Bahasan mengenai cara makan menggunakan tangan dan sumpit ini hanya sebuah gambaran dalam aspek yang sangat kecil dan lingkup yang sempit. Jika dikaji lebih jauh, kita akan menemukan hal-hal yang lebih besar di dalamnya. Tentu saja jauh lebih darurat, lebih bahaya, dan jelas lebih berdampak terhadap nilai-nilai budaya sebagai salah satu identitas bangsa kita. Degradasi budaya ini bisa saja mencakup hal yang lebih besar seperti penggunaan bahasa. Sudah sering kita jumpai dalam berbagai situasi di lapangan, orang sudah lebih sering berkata “okay” daripada “baiklah” dan atau lebih sering mengucapkan “thanks” daripada “terima kasih”. Pemerintah harus mencanangkan program tentang betapa indahnya dan patut disanjungnya budaya yang kita miliki.
ADVERTISEMENT
Pemerintah tidak akan pernah menang melawan rasa keingintahuan dari masing-masing individu. Seiring perkembangan iptek yang melaju pesat, inovasi pemerintah dalam melakukan kalkulasi dan kajian terhadap perlindungan budaya juga harus ditingkatkan. Karena menyukai suatu budaya tertentu adalah hak dari setiap masyarakat, namun perlu ditekankan bahwasanya menjaga kelestarian budaya juga adalah kewajiban bersama sebagai masyarakat Indonesia.

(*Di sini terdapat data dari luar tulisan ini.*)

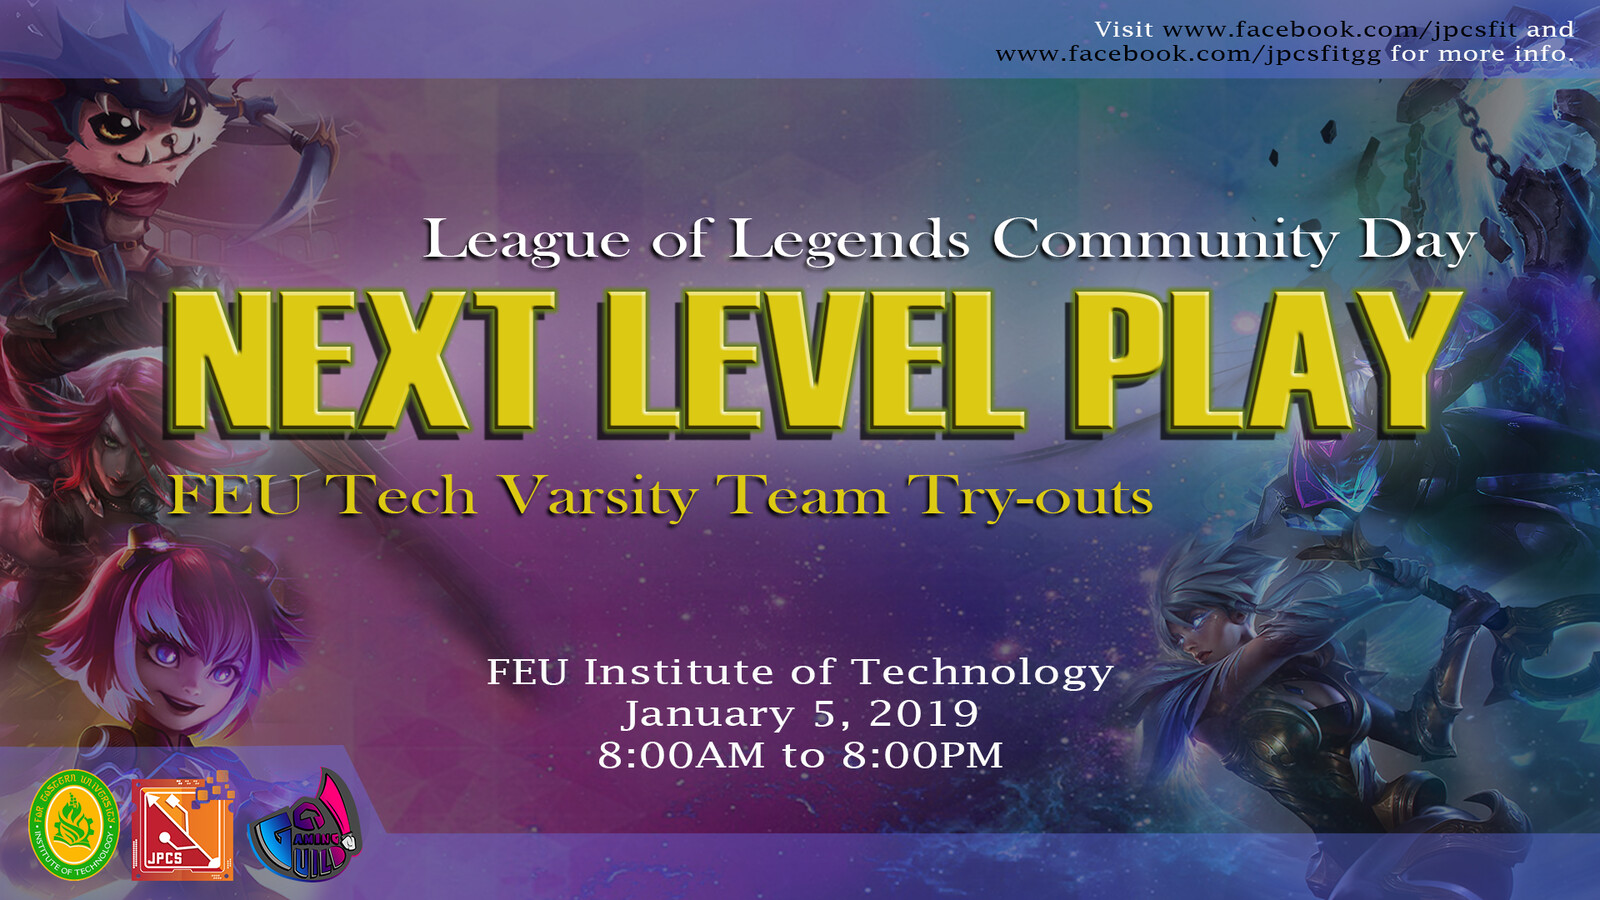 FIT Gaming Guild Next Level Play Poster 2

Patut diingat, budaya asing masuk ke negara kita tanpa membayar pajak ataupun melalui perizinan seperti dunia perdagangan atau industri impor atau ekspor. Budaya asing hadir melakukan penetrasi dengan gratis dan bahkan kita cari dengan sendirinya tanpa paksaan. Seiring perkembangan media digital yang tidak terbendung, bukan tidak mungkin pergeseran budaya ini menjalar lebih banyak dan bahkan mampu menghilangkan beberapa nilai-nilai adat, sosial dan budaya lokal yang ada di negara kita.
ADVERTISEMENT
Para pemuda di negara ini harus diberikan pemahaman yang lebih tajam dan tegas bahwasanya mencintai budaya sendiri bukanlah sesuatu yang memalukan. Dan nilai-nilai budaya kita sama tinggi derajatnya dengan budaya asing yang diagungkan oleh masyarakat aslinya. Selama diseminasi dari pemerintah berjalan dengan baik, memungkinkan adanya masyarakat yang sadar dan paham tentang degradasi budaya ini.

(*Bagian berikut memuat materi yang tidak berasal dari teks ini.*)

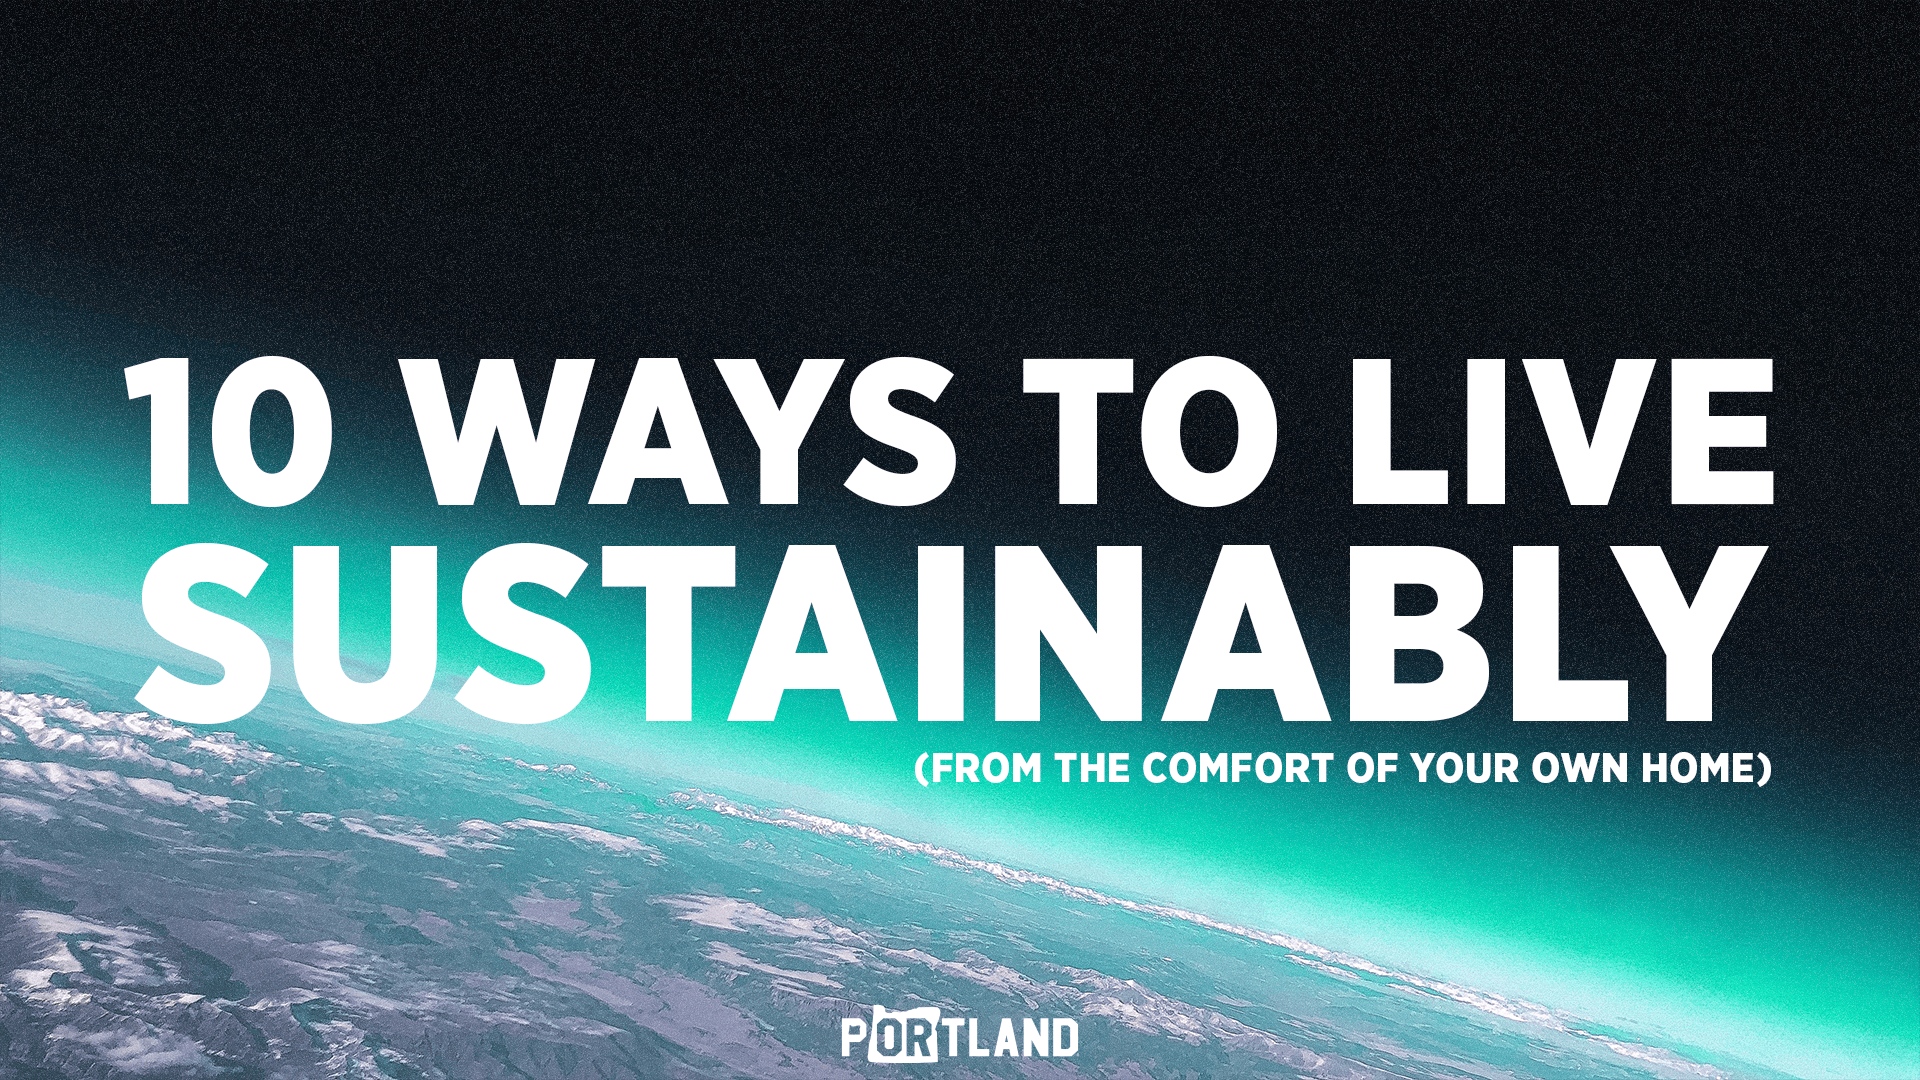 10 Things You Can Do For The Planet From Home. - Portland Gear

Apersepsi kaum muda harus diarahkan untuk selalu bangga dengan budaya yang dimiliki oleh bangsa ini. Bahkan dimulai dari hal sederhana seperti budaya cara makan menggunakan tangan dan jari. Semoga dalam waktu mendatang aspek ini mendapat perhatian lebih banyak dan menjadi pemicu masyarakat yang sadar budaya.